HAProxy Monitoring with Prometheus: Complete Observability Guide

HAProxy Monitoring with Prometheus: Complete Observability Guide

Monitoring HAProxy is essential for maintaining reliable load balancing infrastructure. Prometheus provides powerful metrics collection, alerting capabilities, and seamless Grafana integration for visualizing HAProxy performance and health.

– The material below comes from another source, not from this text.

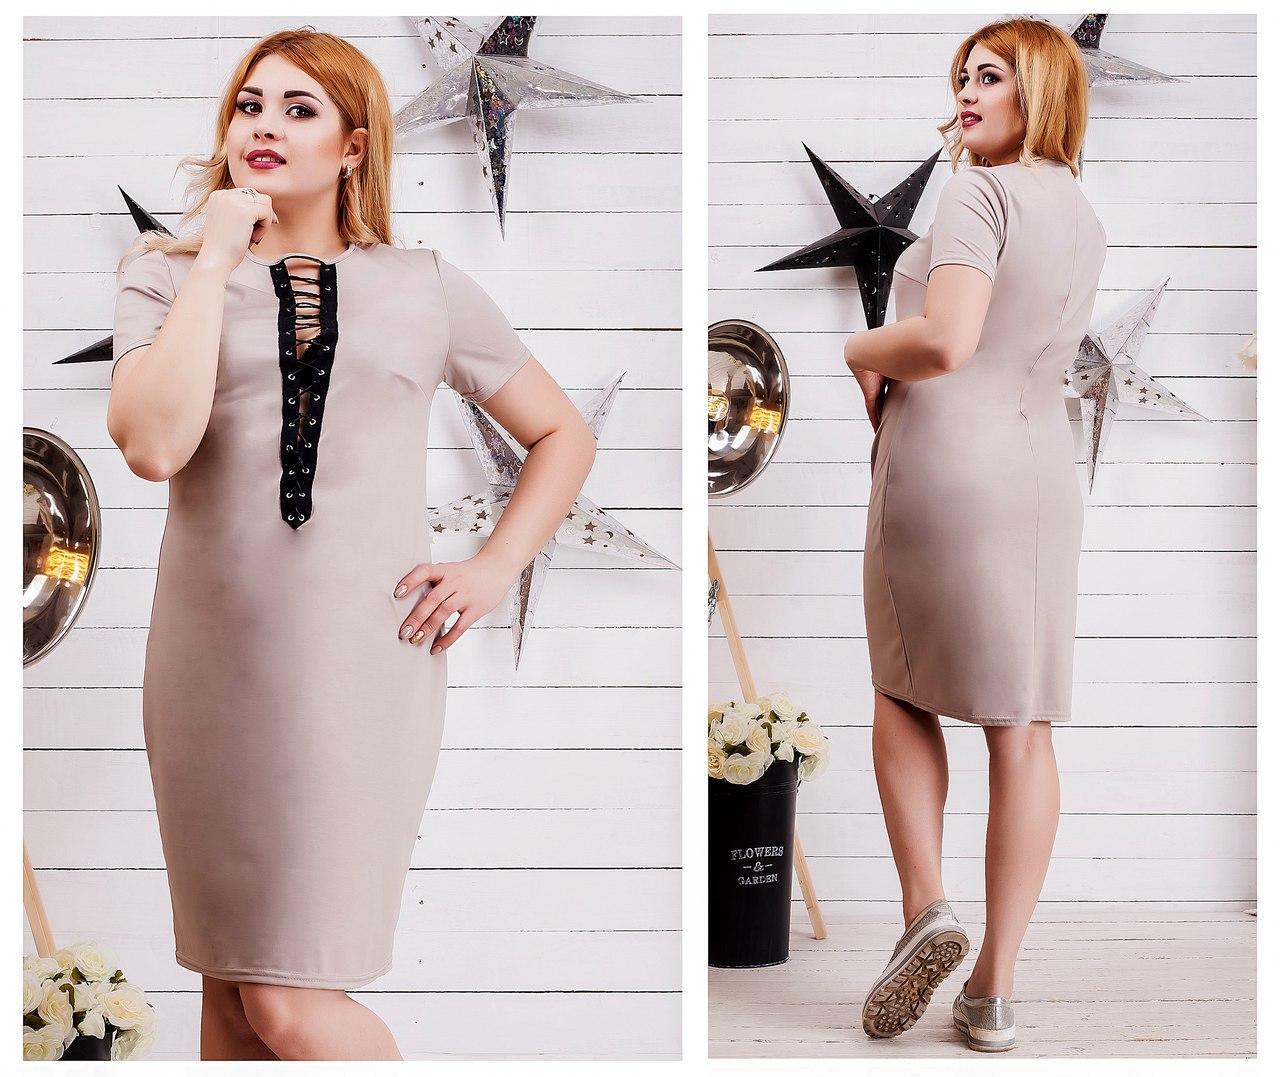 Большие груди в облегаюшем платье фото 665-616

Why Prometheus for HAProxy?

Prometheus offers:

  • Pull-based metrics - Prometheus scrapes HAProxy metrics endpoints
  • Time-series database - Store historical data for trend analysis
  • Powerful queries - PromQL for complex metric analysis
  • Alerting - Define rules for proactive incident detection
  • Grafana integration - Beautiful dashboards and visualizations

HAProxy Built-in Prometheus Support

HAProxy 2.0+ includes native Prometheus metrics export via the built-in Prometheus exporter.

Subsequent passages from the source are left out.